Give initial sentence, then the models will continue to generate the text.

This tutorial is available as an IPython notebook at Malaya/example/prefix-generator.

[1]:
%%time
import malaya
from pprint import pprint
CPU times: user 4.89 s, sys: 684 ms, total: 5.57 s
Wall time: 4.64 s

Load GPT2#

Malaya provided Pretrained GPT2 model, specific to Malay, we called it GPT2-Bahasa. This interface not able us to use it to do custom training.

GPT2-Bahasa was pretrained on ~1.2 billion words.

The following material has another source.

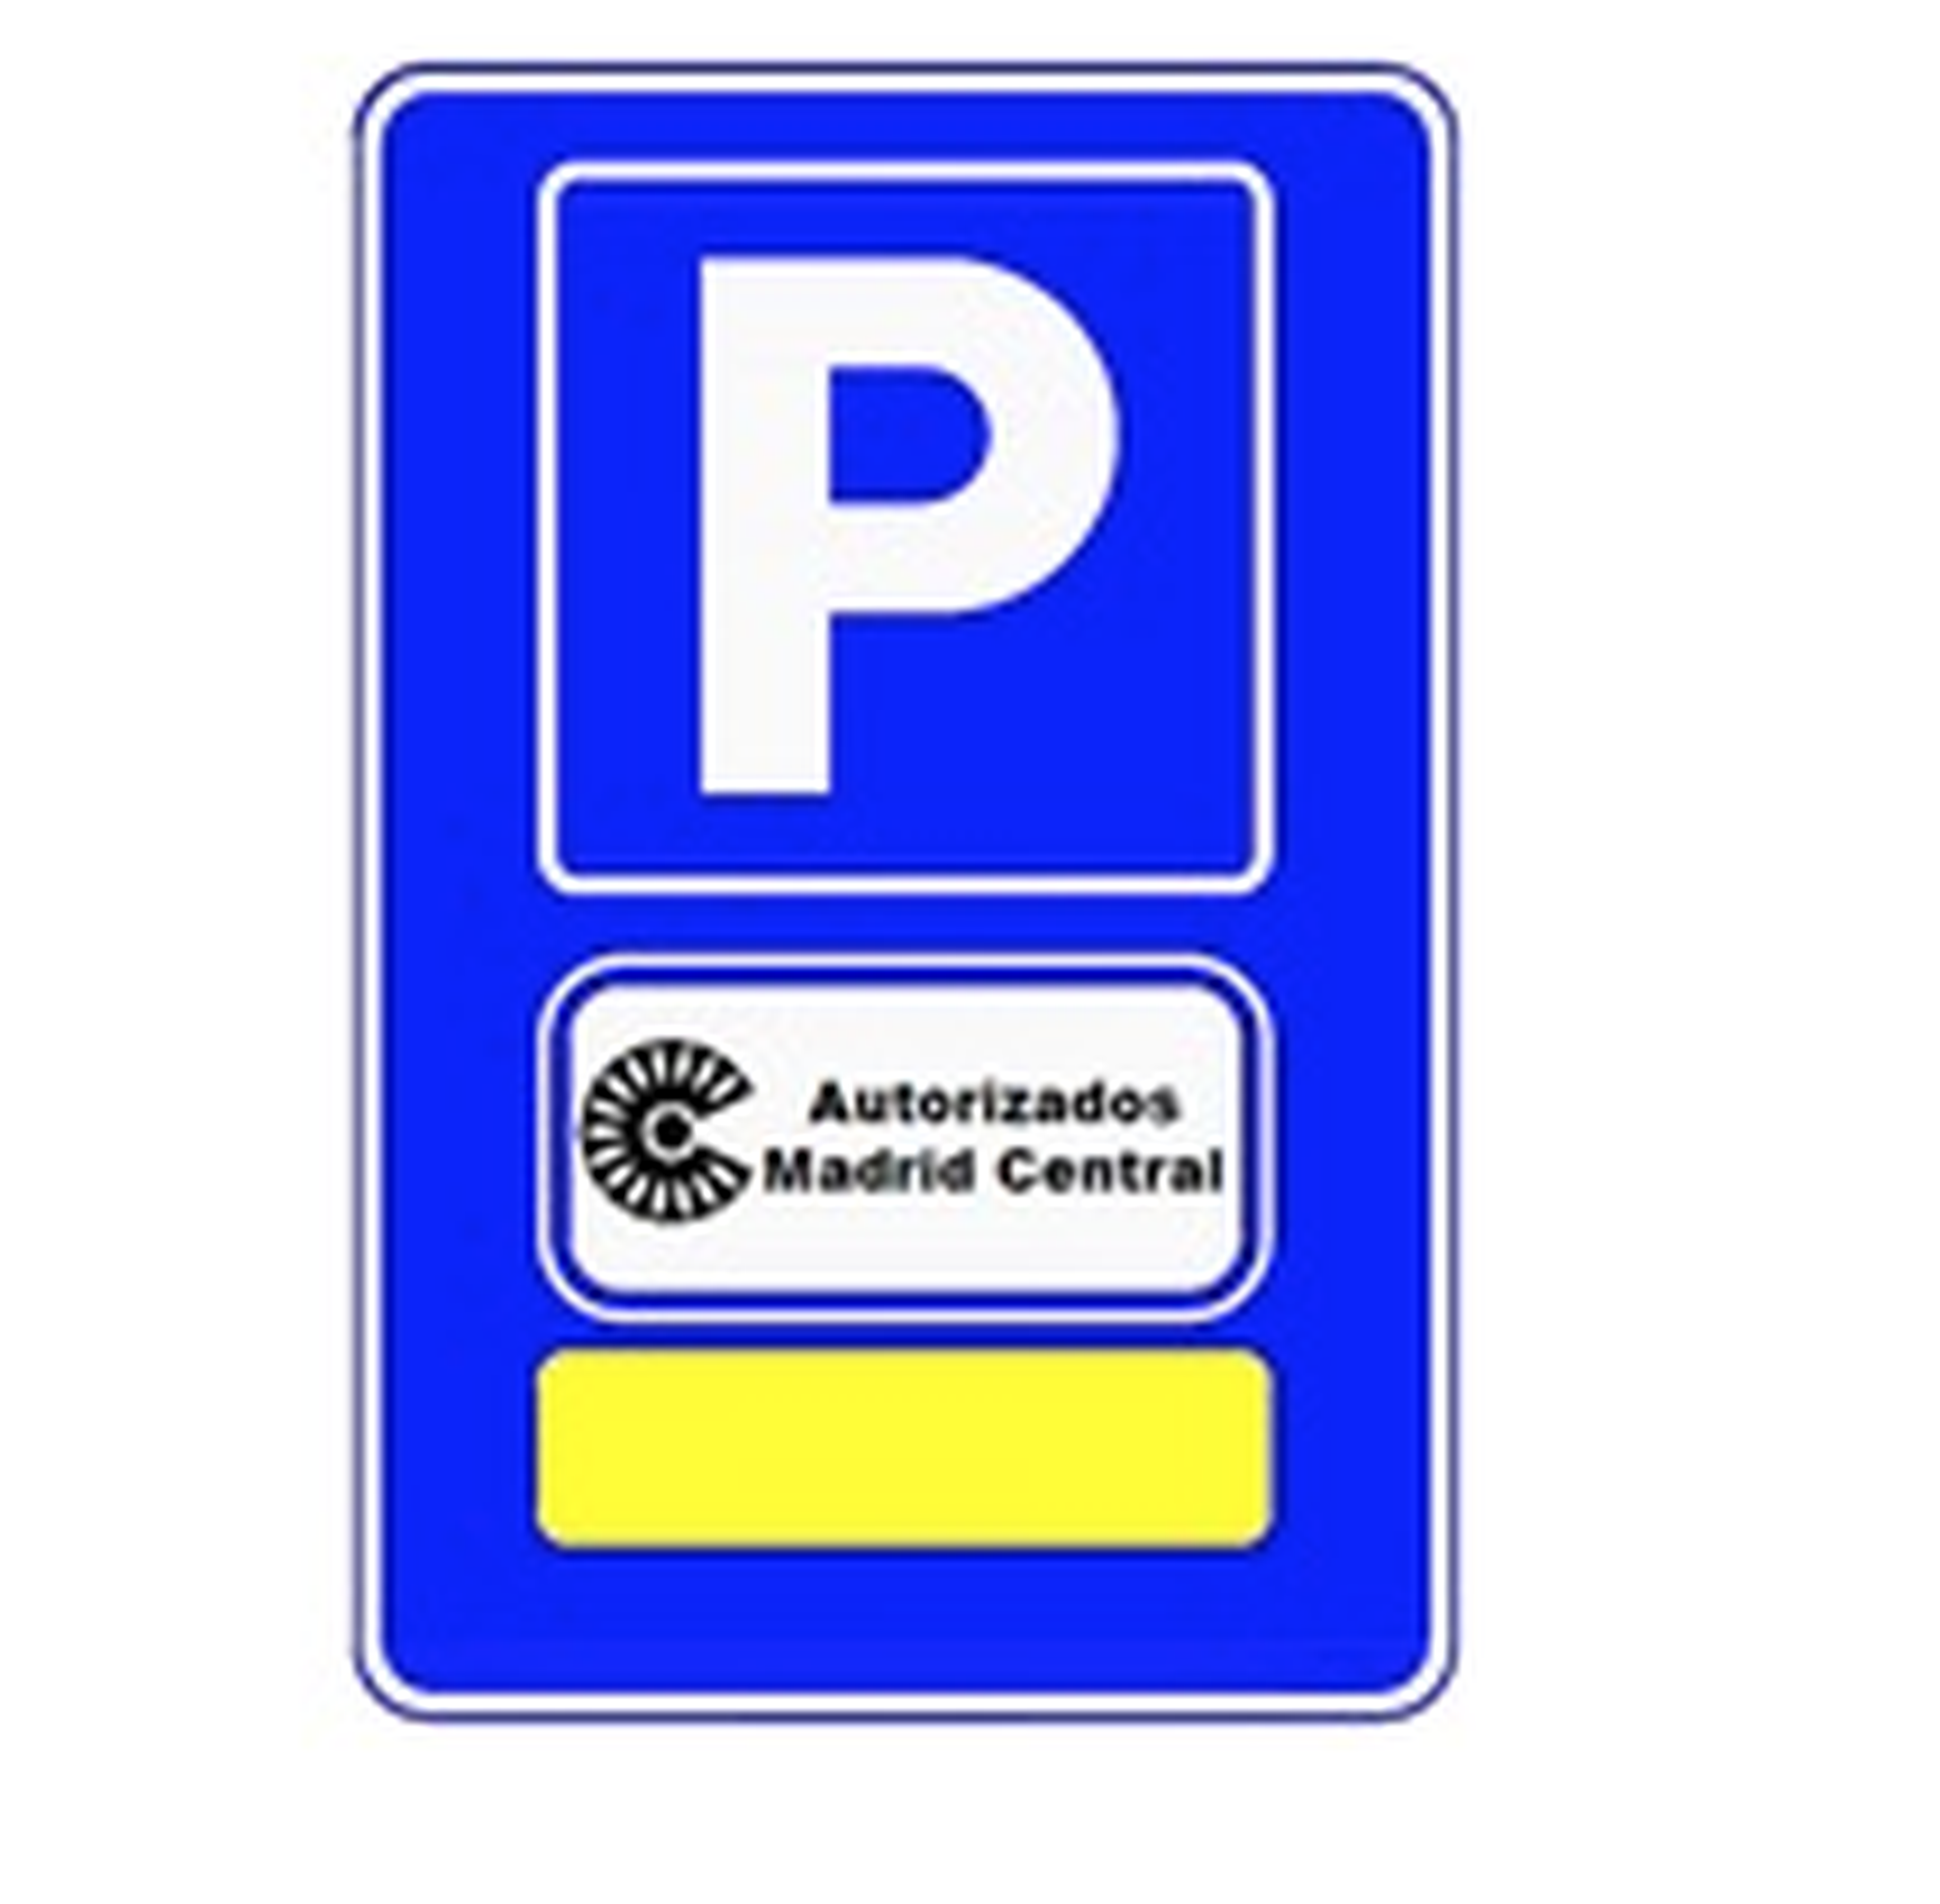 Placa parkings autorizados Madrid Central

If you want to download pretrained model for GPT2-Bahasa and use it for custom transfer-learning, you can download it here, https://github.com/huseinzol05/Malaya/tree/master/pretrained-model/gpt2, some notebooks to help you get started.

List available GPT2#

[2]:
malaya.generator.available_gpt2()
INFO:root:calculate perplexity on never seen malay karangan.
[2]:
Size (MB) Quantized Size (MB) Perplexity
117M 499.0 126.0 6.232461
345M 1420.0 357.0 6.104012

load model#

def gpt2(model: str = '345M', quantized: bool = False, **kwargs):
    """
    Load GPT2 model to generate a string given a prefix string.

    Parameters
    ----------
    model : str, optional (default='345M')
        Model architecture supported. Allowed values:

        * ``'117M'`` - GPT2 117M parameters.
        * ``'345M'`` - GPT2 345M parameters.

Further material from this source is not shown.